BEGIN DATA SECTION

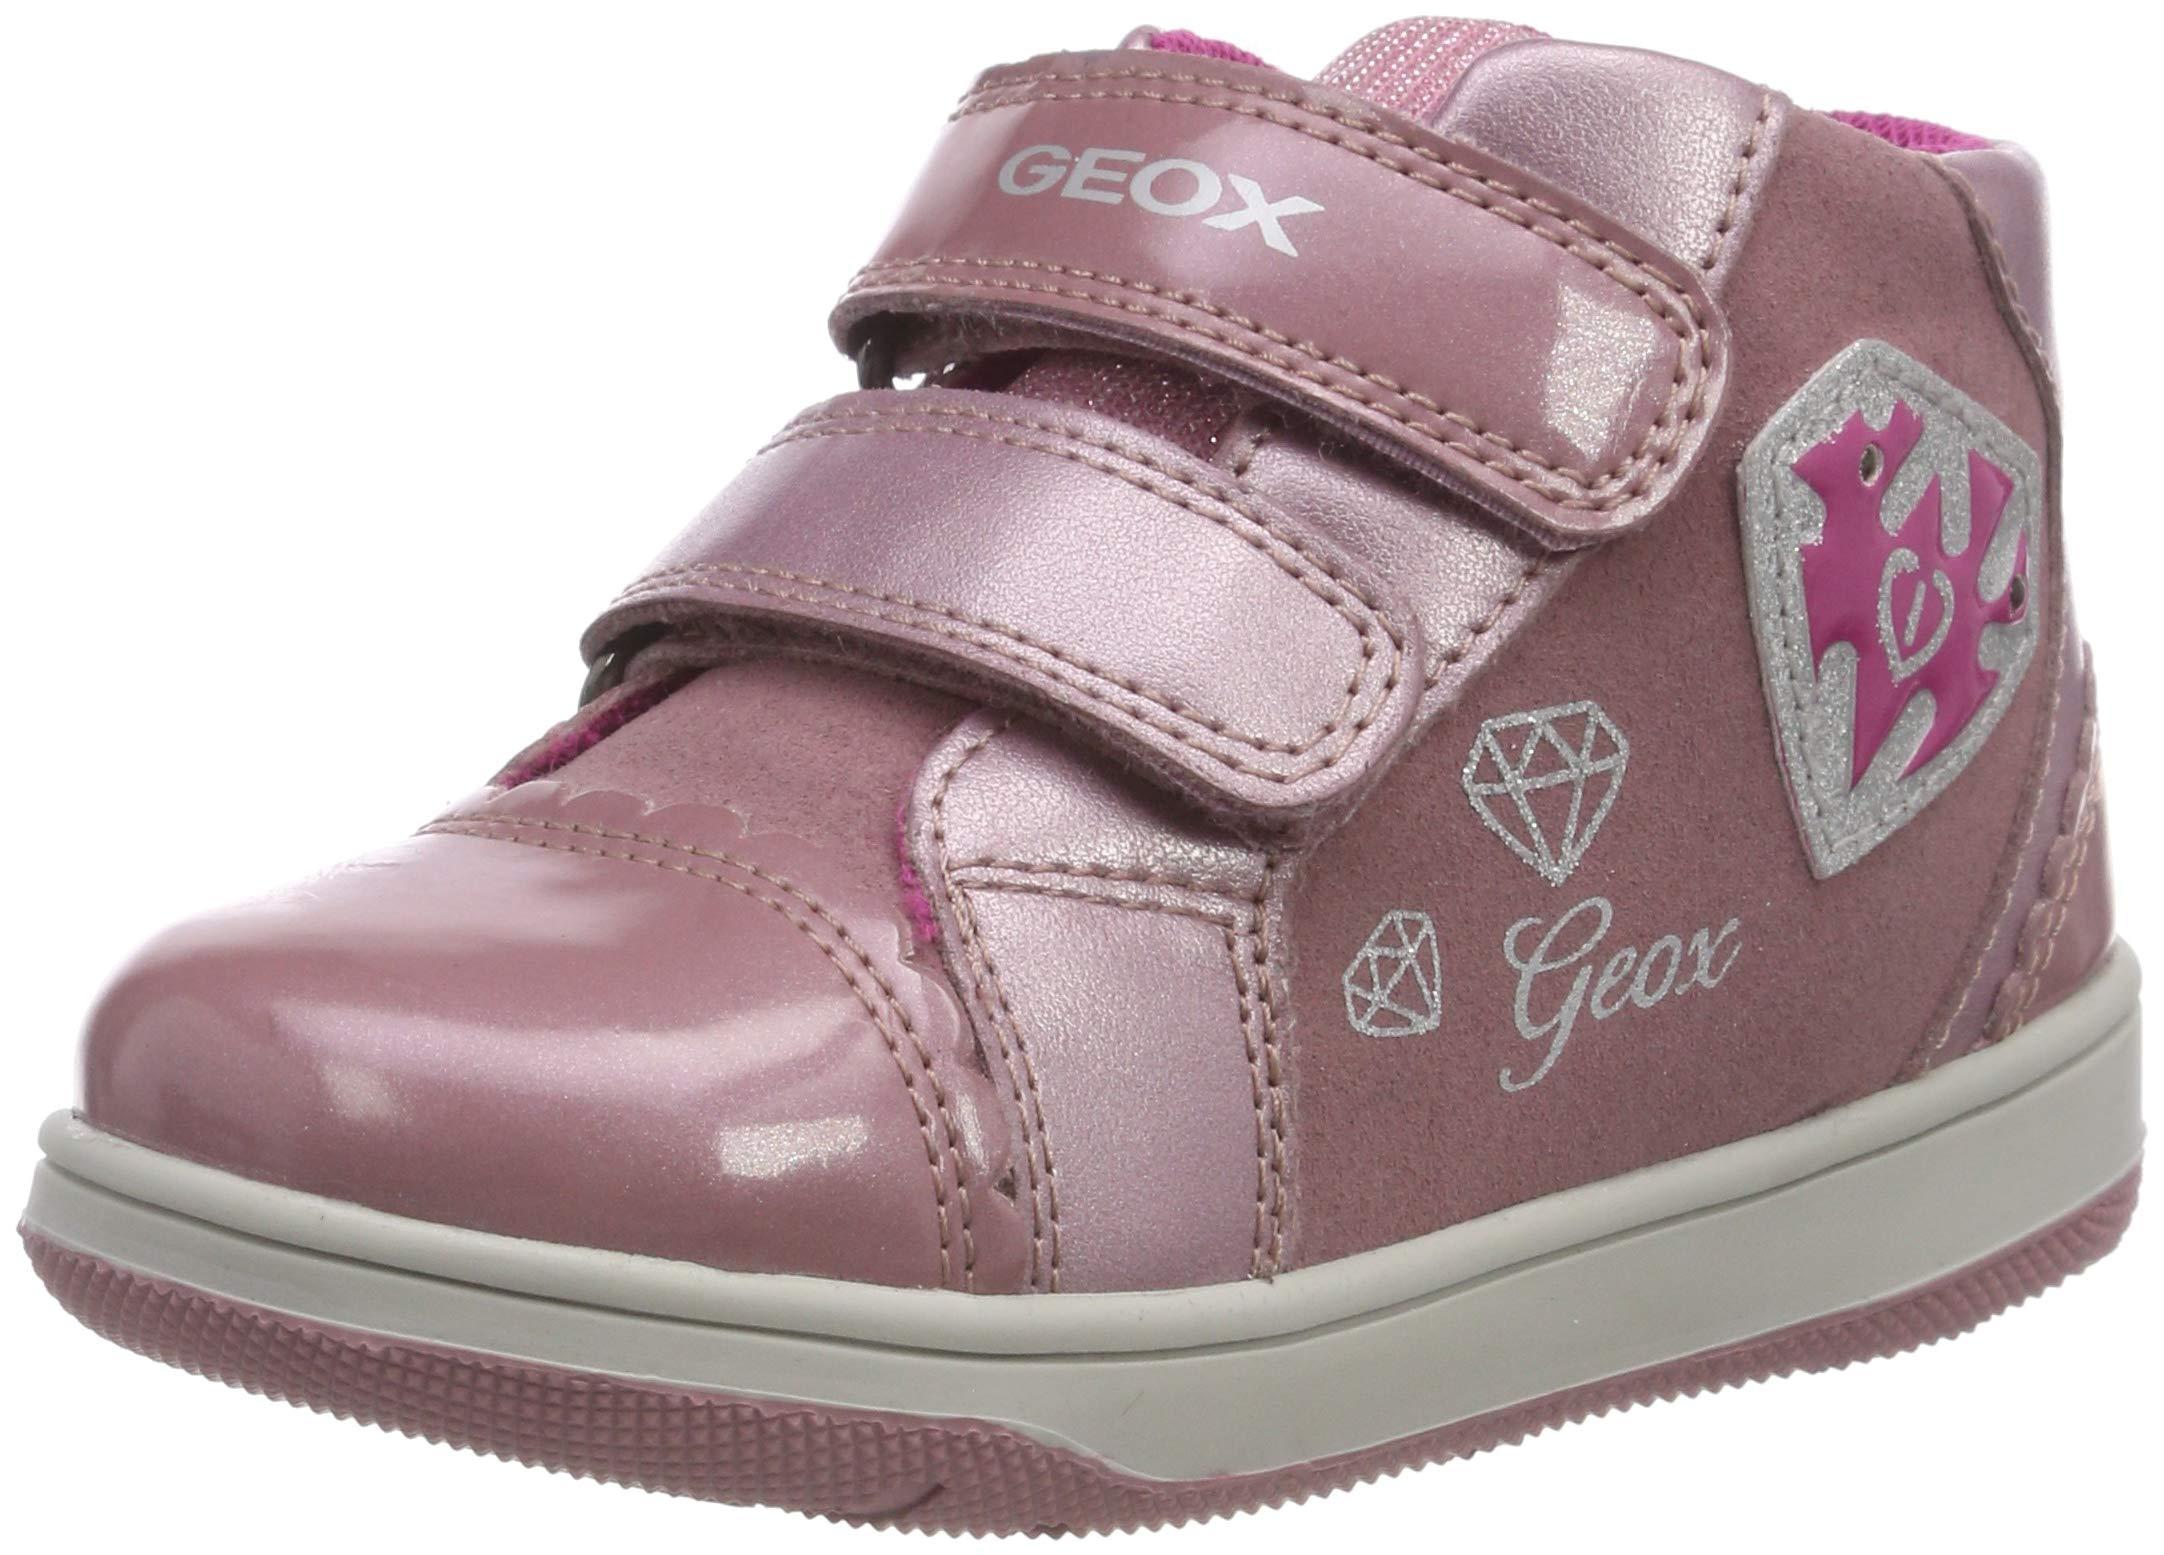 Geox B New Flick Girl C, Zapatillas para Bebés
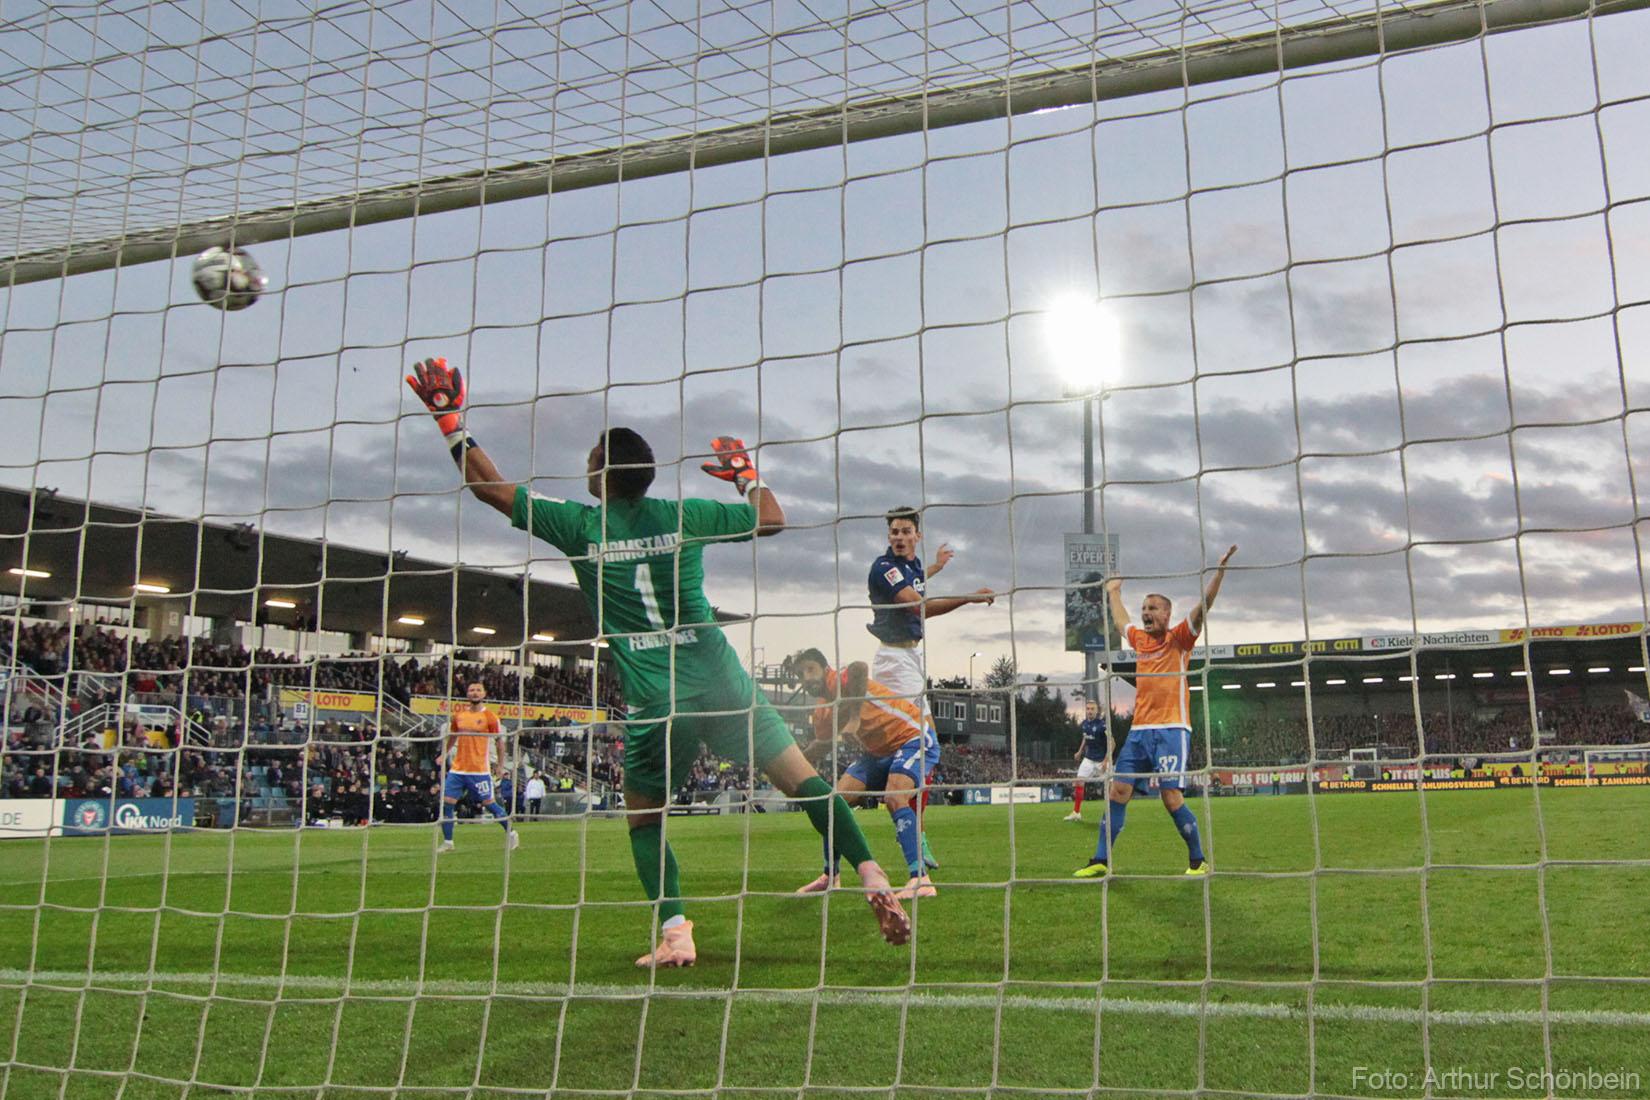 Holstein Kiel – SV Darmstadt 98 4:2 (3:2)
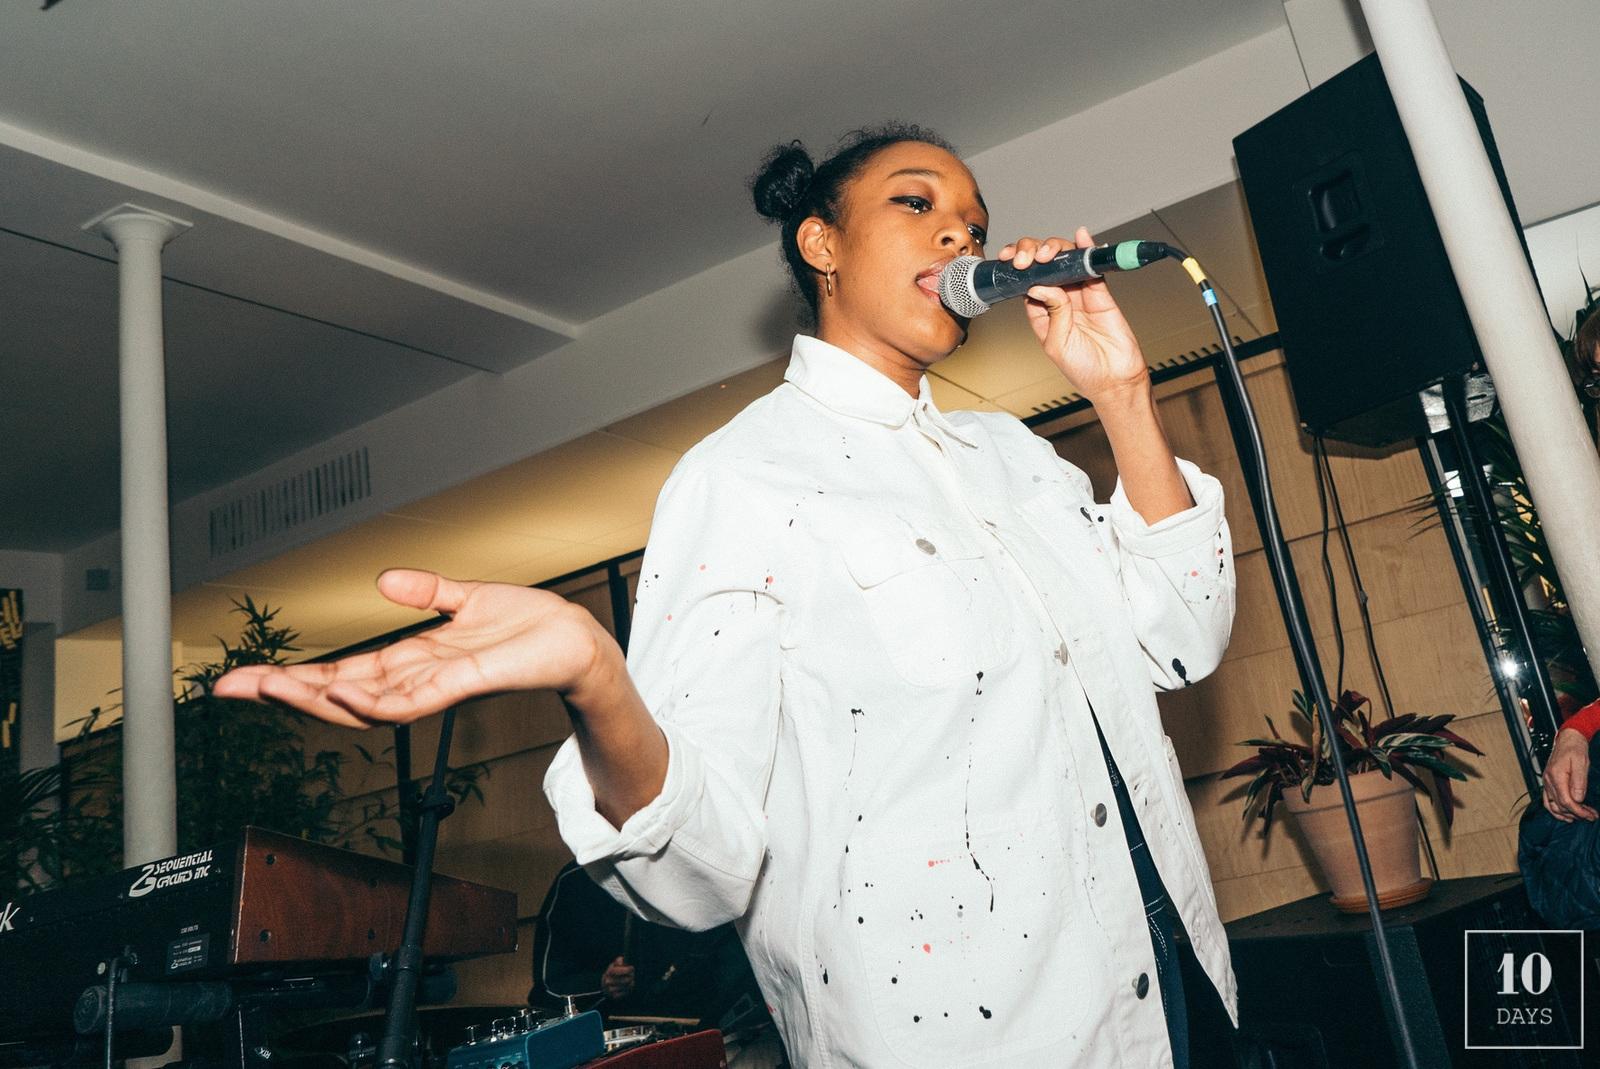 Fela Kuti x Carhartt WIP SS19 Capsule Collab Launching Party

END DATA SECTION

## [TASK DESCRIPTION]
Copy all of the material word for word, and include none of its pictures.

## [TASK RESULT]
 Geox B New Flick Girl C, Zapatillas para Bebés
 Holstein Kiel – SV Darmstadt 98 4:2 (3:2)
 Fela Kuti x Carhartt WIP SS19 Capsule Collab Launching Party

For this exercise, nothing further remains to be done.